Small Sample CI Inferences: Example #2

Objective: This example shows how inferences are made about a single population mean for continuous data when the sample size is small. The t-test and the associated confidence interval are the standard tools for making statements about the population mean, but they require the data to be sampled independently from a normal distribution. This example goes through the steps of checking the assumptions and setting the confidence interval. Example #1 in the hypothesis testing module will revisit this problem to test a hypothesis about the population mean.

Problem Description: Data was collected on the breadth-to-length ratios of beaded rectangles used as decorations on leather goods by the Shoshoni American Indians. Are these rectangles consistent with the golden rectangles of the ancient Greeks (i.e., 1:0.618034)?

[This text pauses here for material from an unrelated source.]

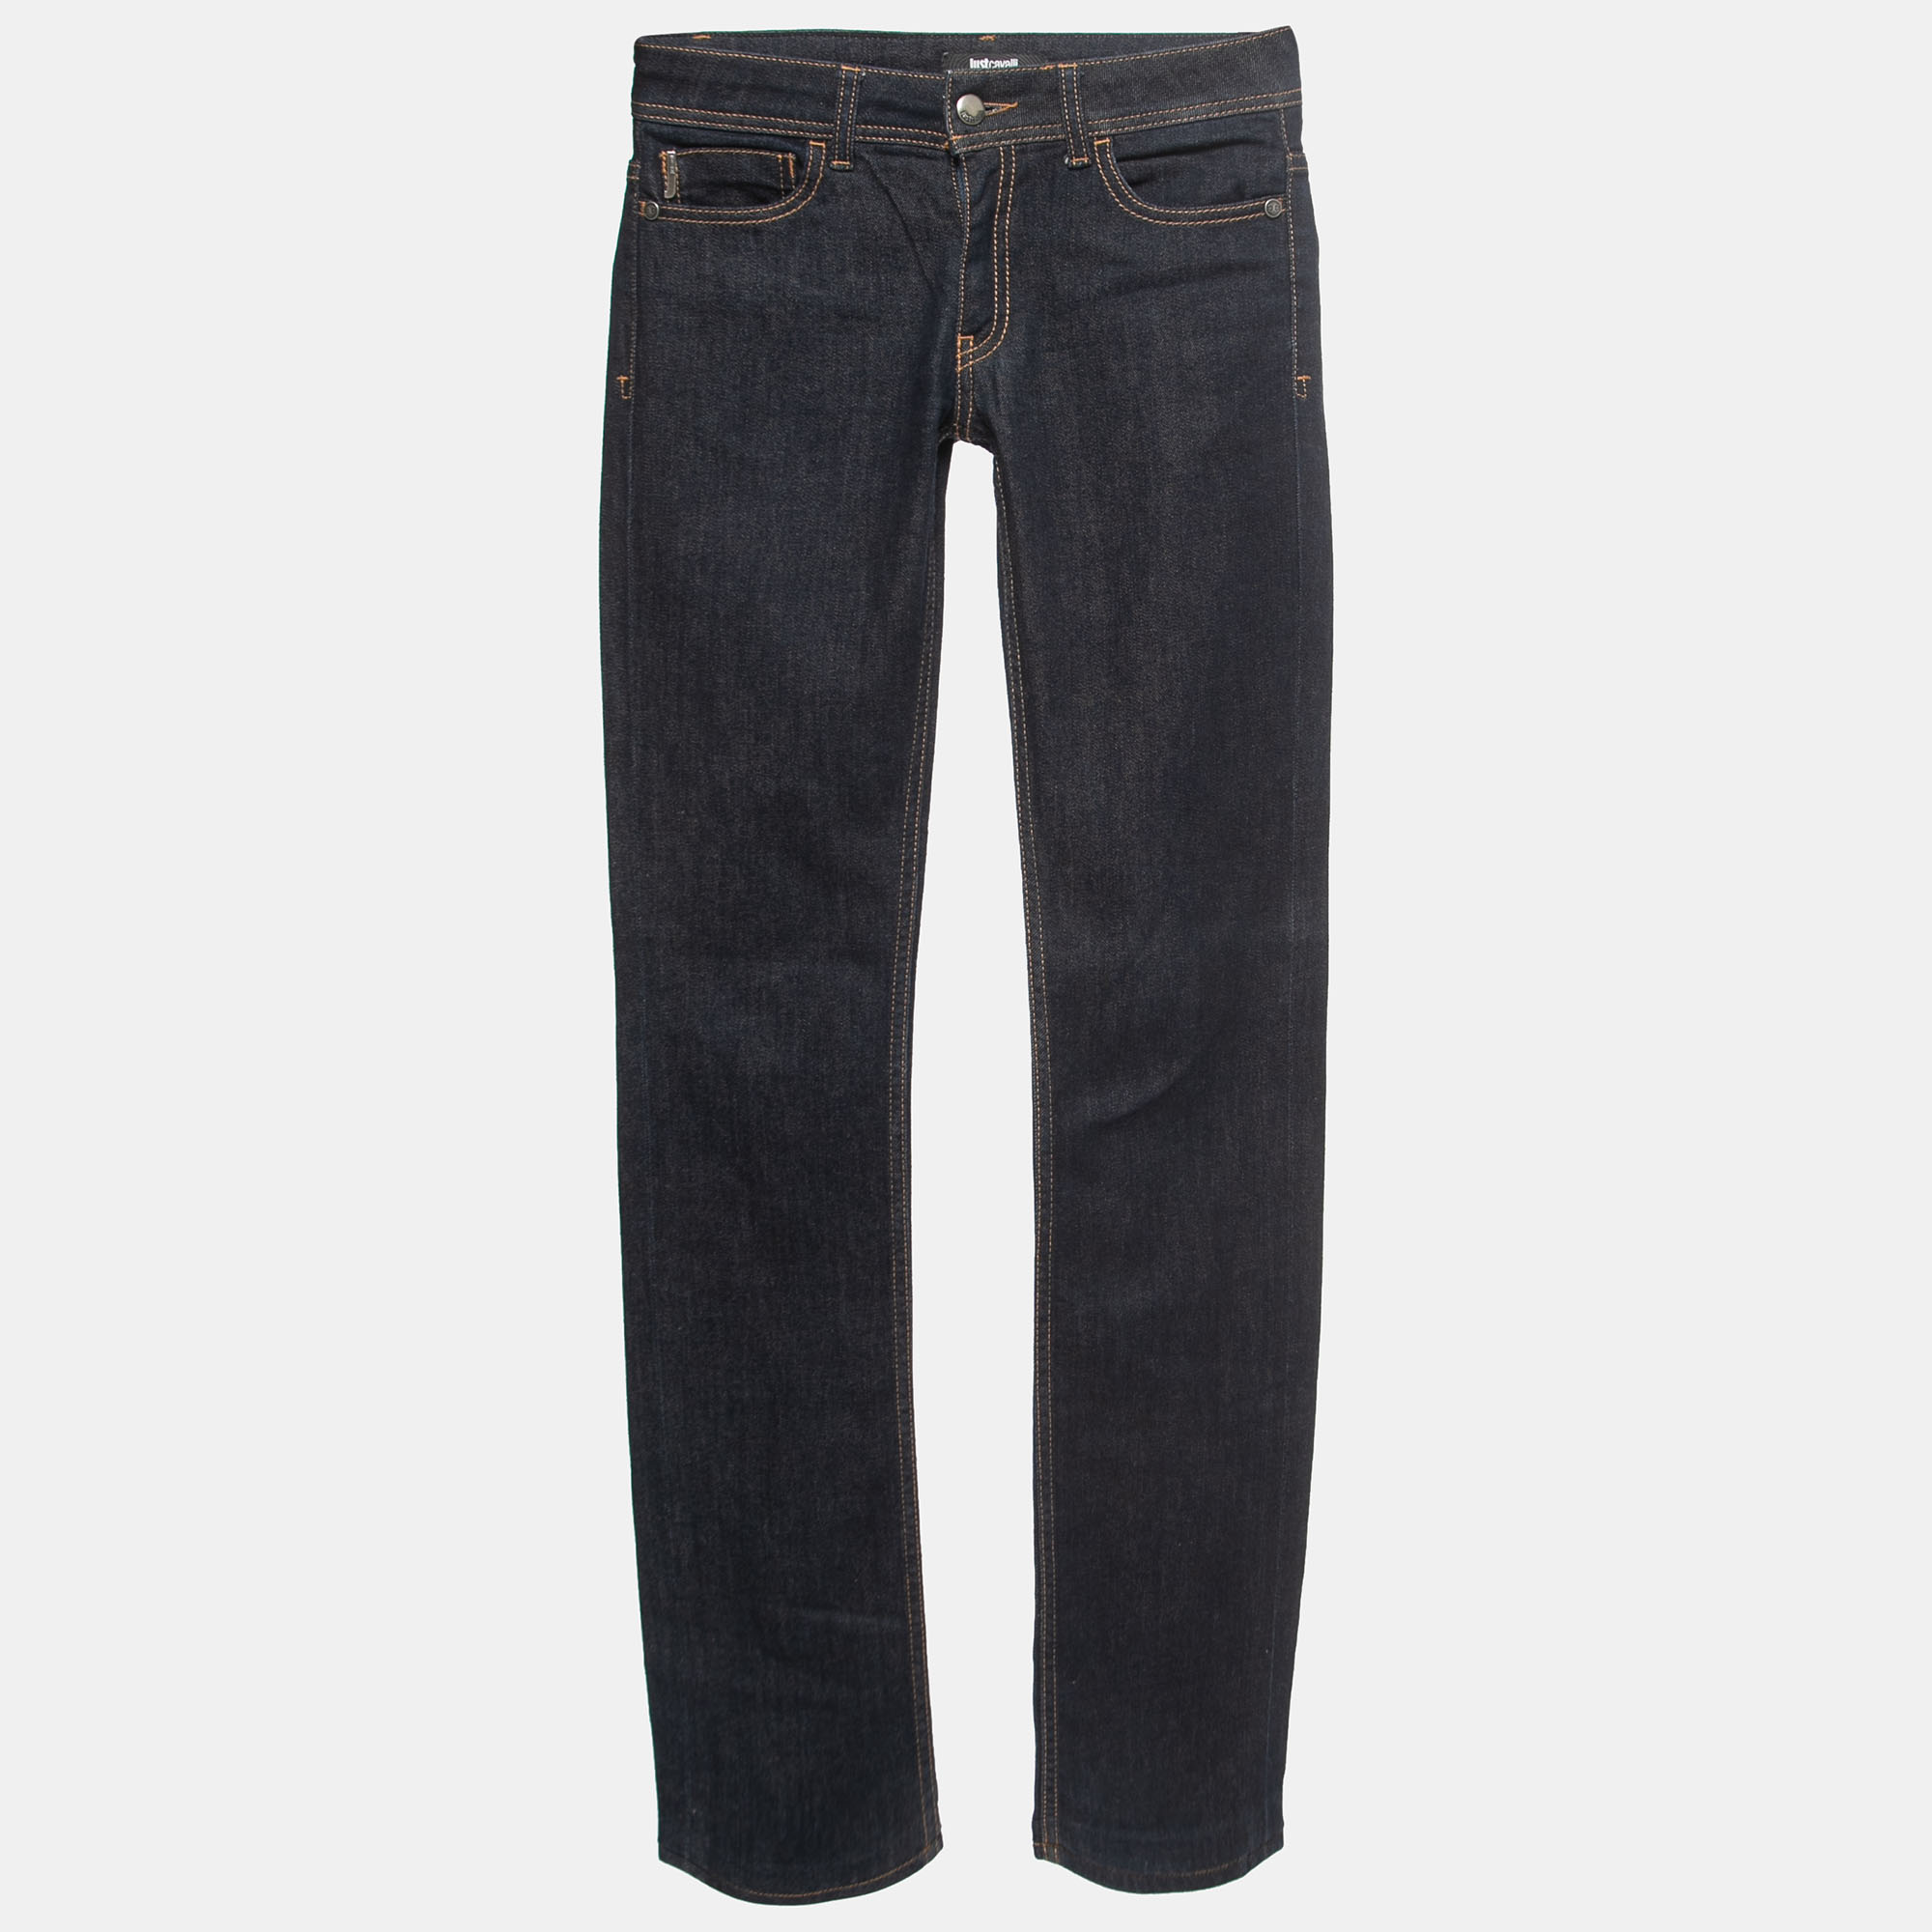 Pre-owned Just Cavalli Dark Blue Denim Flared Jeans S Waist 25"

The histogram of the ratios shows that the data is positively skewed. Click on the right Animate button to increase the number of bins by 1. Then click on the Moments triangular reveal button to see the skewness value of 0.632.

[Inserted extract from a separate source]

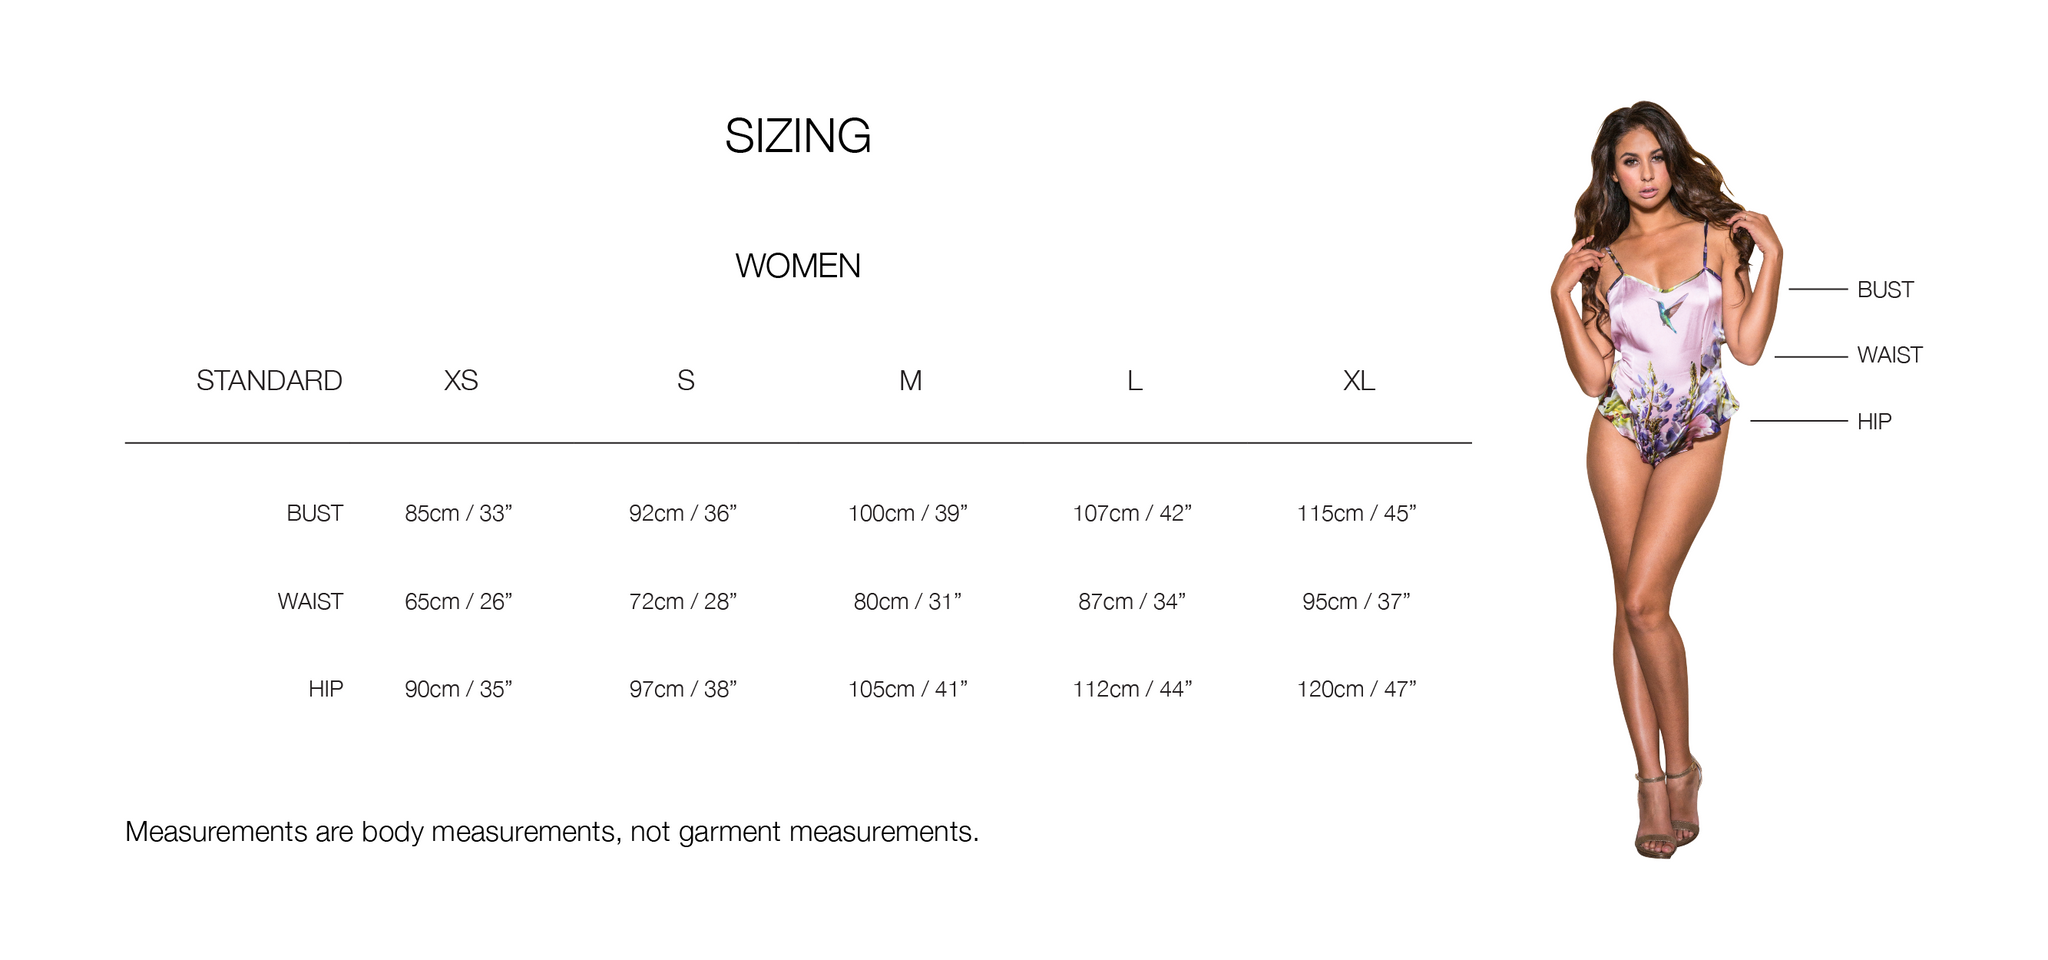 Women size chart - Pellein guide to body measurements

The histogram indicates non-normality, but the histogram can give different appearances depending on how many bins are used and how the bin boundaries are selected. Likewise, the value of the skewness coefficient can result from many different distributional shapes. The assumption of normality can be examined with less ambiguity by constructing a normal quantile plot of the ratios. Click on normalPlot from the Histogram menu to display the normal quantile plot. The positive skewness is apparent by the upward concavity. Select Robust Fit from the QuantPlot popup menu to see the extent of the curvature. Then select Quantile Lines to show whether or not outliers are present. As can be seen, there are two outlier ratios (#10 and #20), one of which is extreme (#20). Actually, the data closely fall along a line except for the highest three values which increasingly deviate form linearity.

Despite the lack of normality, we will proceed with inferences based on the normal assumption, but we must be cautious in our interpretation. We will set a confidence interval on the population mean ratio. This can be done by clicking on the Confidence Interval reveal button on the histogram plot.

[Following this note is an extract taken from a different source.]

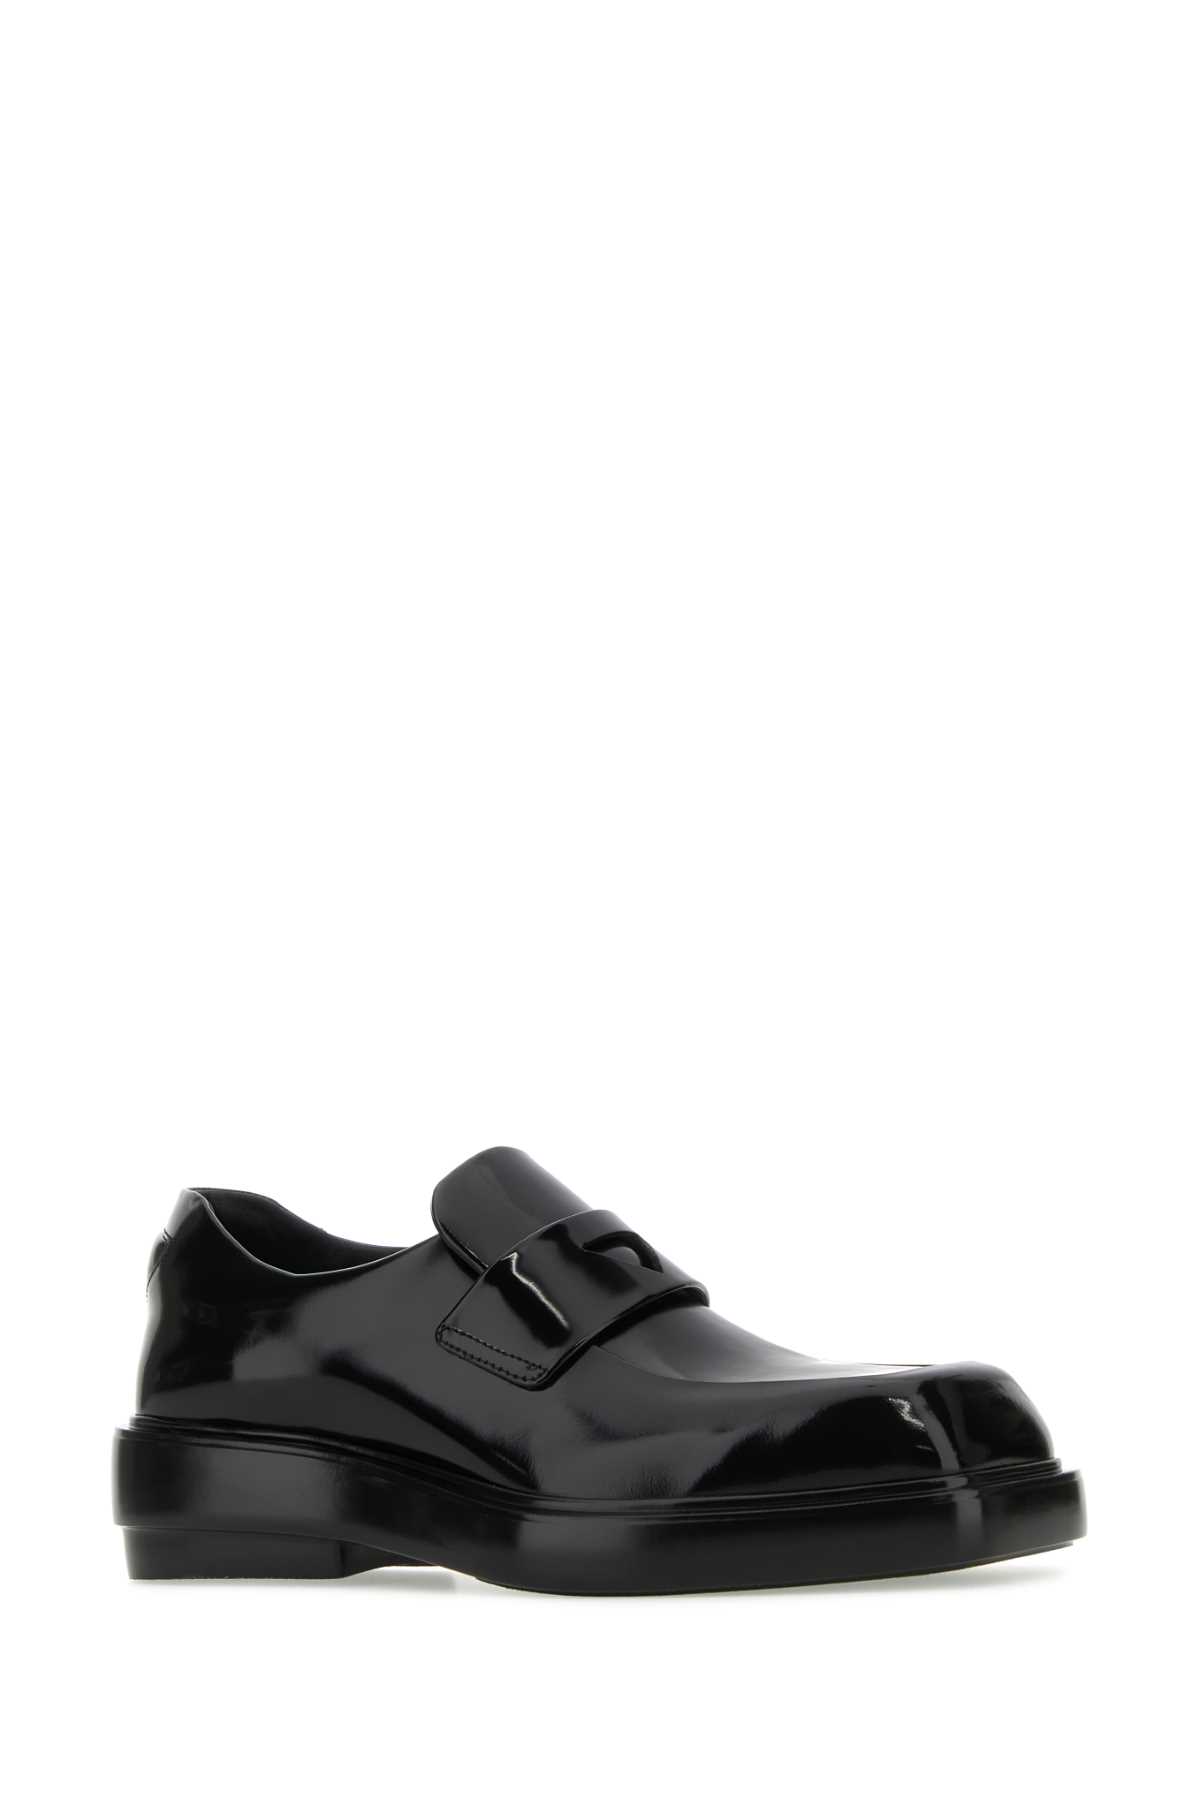 Prada Black Leather Loafers In Nero

The 95% confidence limits are given in the text report in the bottom margin and they are graphically displayed in the histogram by a red confidence band. This confidence interval is constructed as the sample mean plus/minus the t-value times the standard error of the mean.

These moment summaries, shown in the top histogram above, help to clarify the interpretation of the confidence band. The sample mean is 0.66 which is graphically represented by the center line of the normal density. Note that the sample mean line passes through the center of the 95% confidence band. The location and length of the confidence band is compromised by the skewness (and outliers) of the distribution. Specifically, the sample mean is larger than the sample median of 0.641, which is seen in the normal quantile plot. The outliers not only increase the mean, but they also increase the standard deviation, which in turn lengthens the confidence band.

The golden rectangle ratio of 0.618 is within the 95% confidence band, which shows it is a plausible value. However, 0.618 is just inside the interval and clearly we must be careful in stating our conclusions. Due to violations of the assumptions, the evidence is inconclusive. The outliers increase the sample mean relative to the value of 0.618. On the other hand, the outliers increase the width of the confidence band, which makes it easier for the interval to cover 0.618. The confidence level can be changed by selecting other menu items from the Level popup menu. A 99% confidence interval gives more confidence at the expense of a wider interval. The golden rectangle is consistent with a 99% interval, but not with a 90% confidence interval.

Since the normal assumption is violated, it would be prudent to find a normalizing transformation of the data values prior to making inferences. Alternatively, a nonparametric approach can be used or the outlying values can be deleted. We will examine this latter option.

A histogram of the ratios with the two outliers removed is shown in the plot below.

Skewness is still present and the distribution is bunched somewhat into two groups as can be seen by changing the number of bins in the histogram or by examining the normal quantile plot. However, the normal quantile plot shows that outliers are no longer present. The conclusions are now somewhat stronger since 0.618 is in the confidence interval corresponding to any reasonable confidence level.